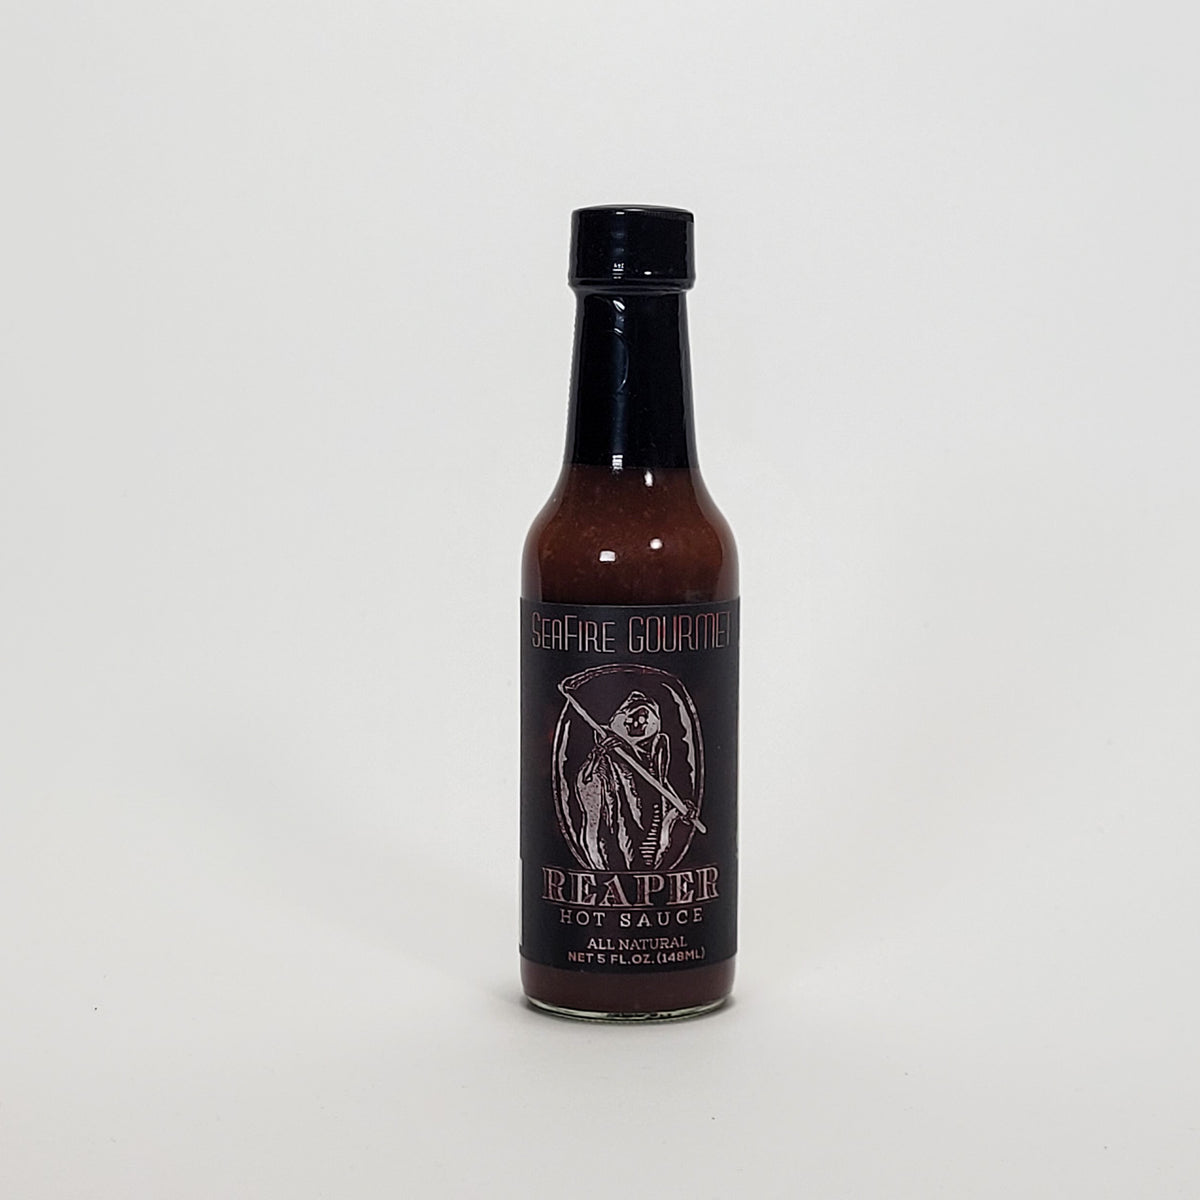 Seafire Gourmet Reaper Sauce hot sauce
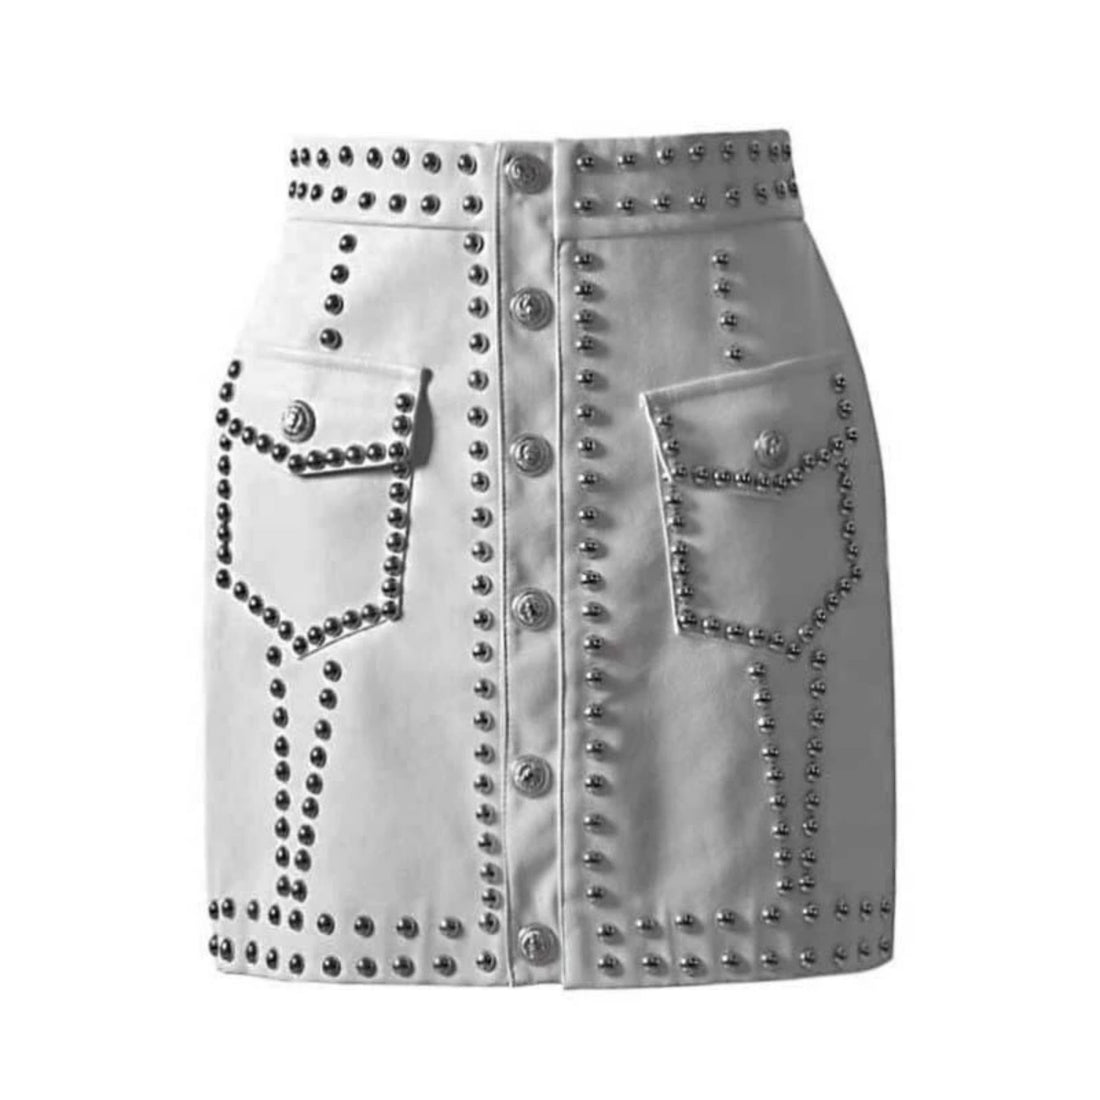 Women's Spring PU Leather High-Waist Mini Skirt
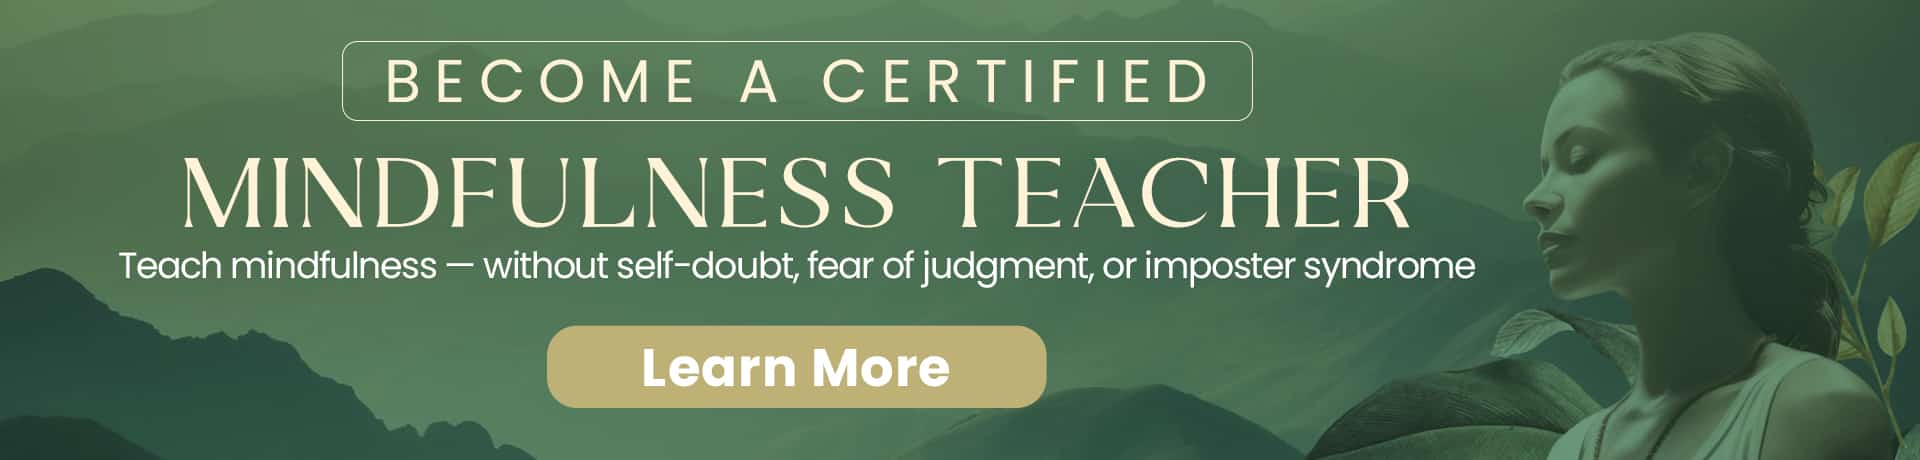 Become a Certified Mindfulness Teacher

....

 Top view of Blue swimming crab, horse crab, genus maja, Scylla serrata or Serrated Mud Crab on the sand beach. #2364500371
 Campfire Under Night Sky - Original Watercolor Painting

....

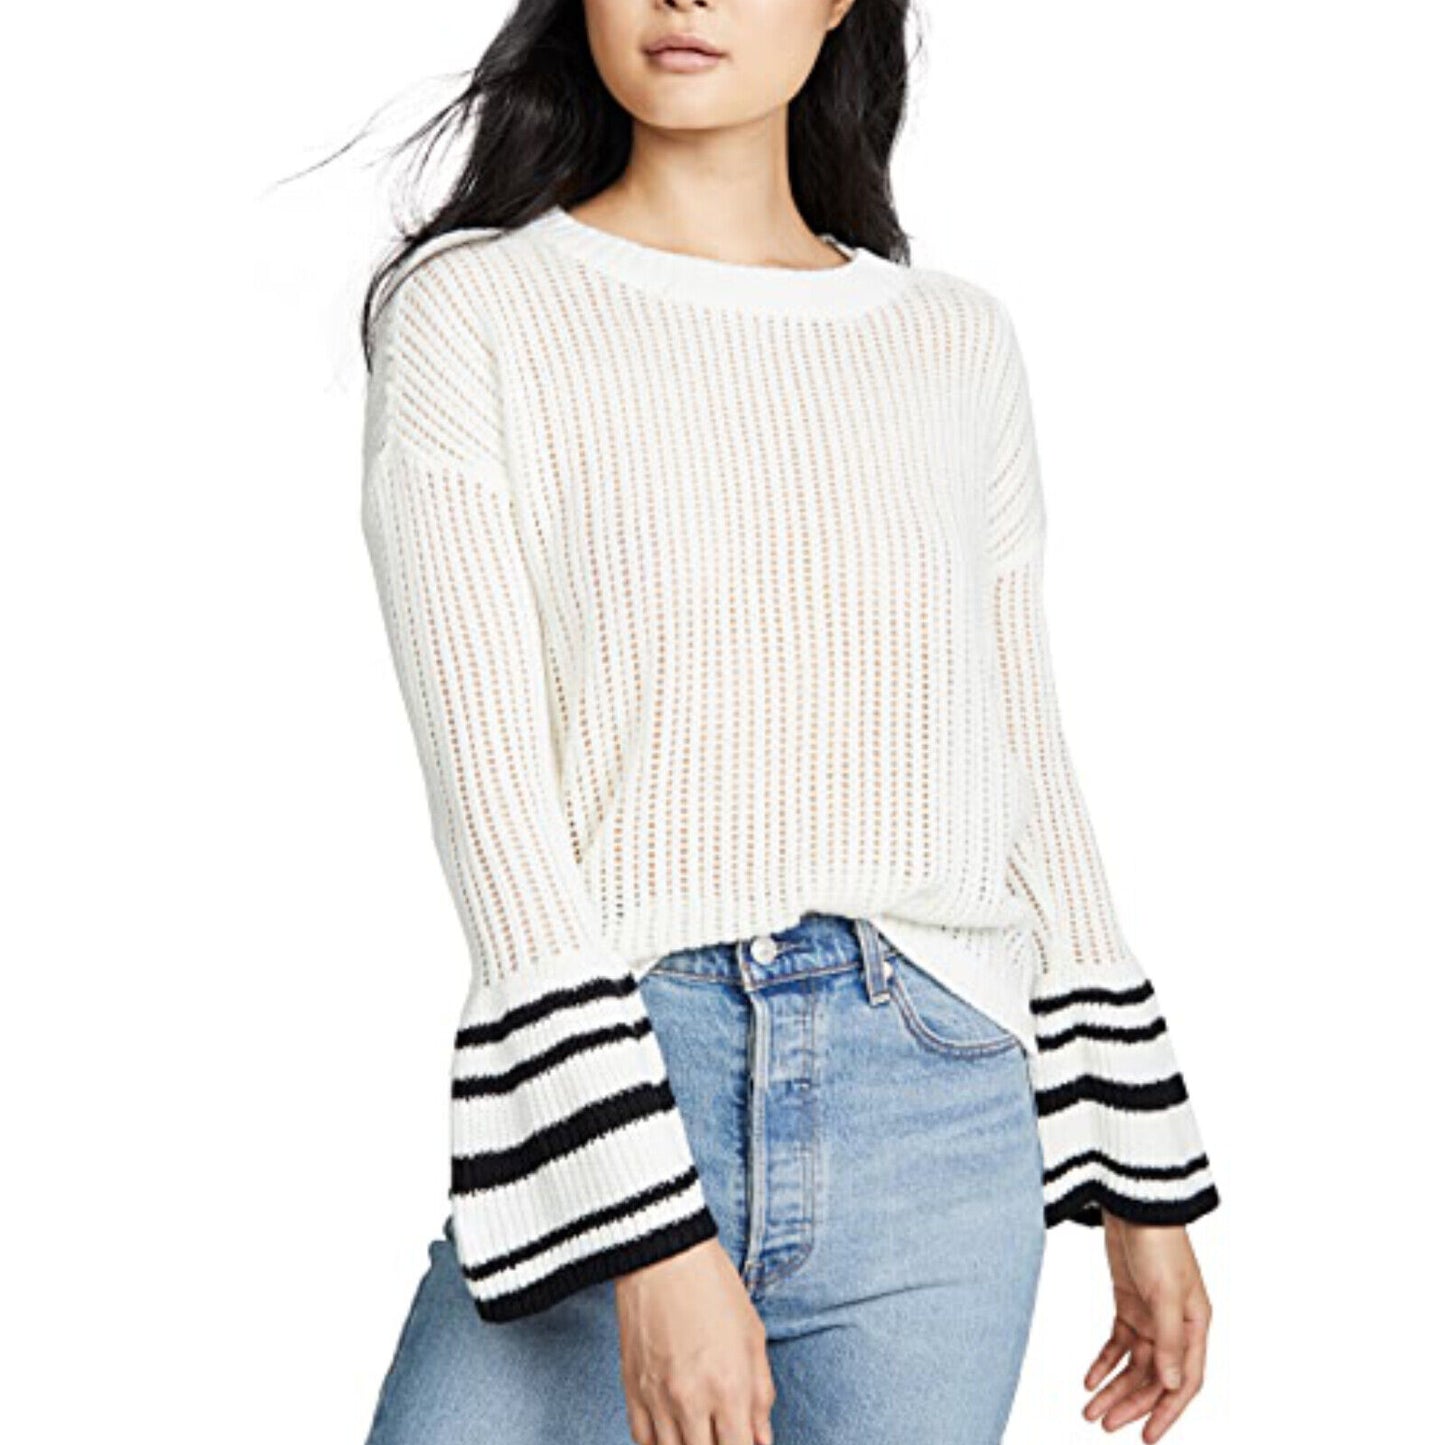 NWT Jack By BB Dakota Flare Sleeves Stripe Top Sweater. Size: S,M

....

Brief: Write down exactly the span of lines above from the one containing "Top view of" to the one containing "Campfire Under Night", both ends included.

Answer section:
 Top view of Blue swimming crab, horse crab, genus maja, Scylla serrata or Serrated Mud Crab on the sand beach. #2364500371
 Campfire Under Night Sky - Original Watercolor Painting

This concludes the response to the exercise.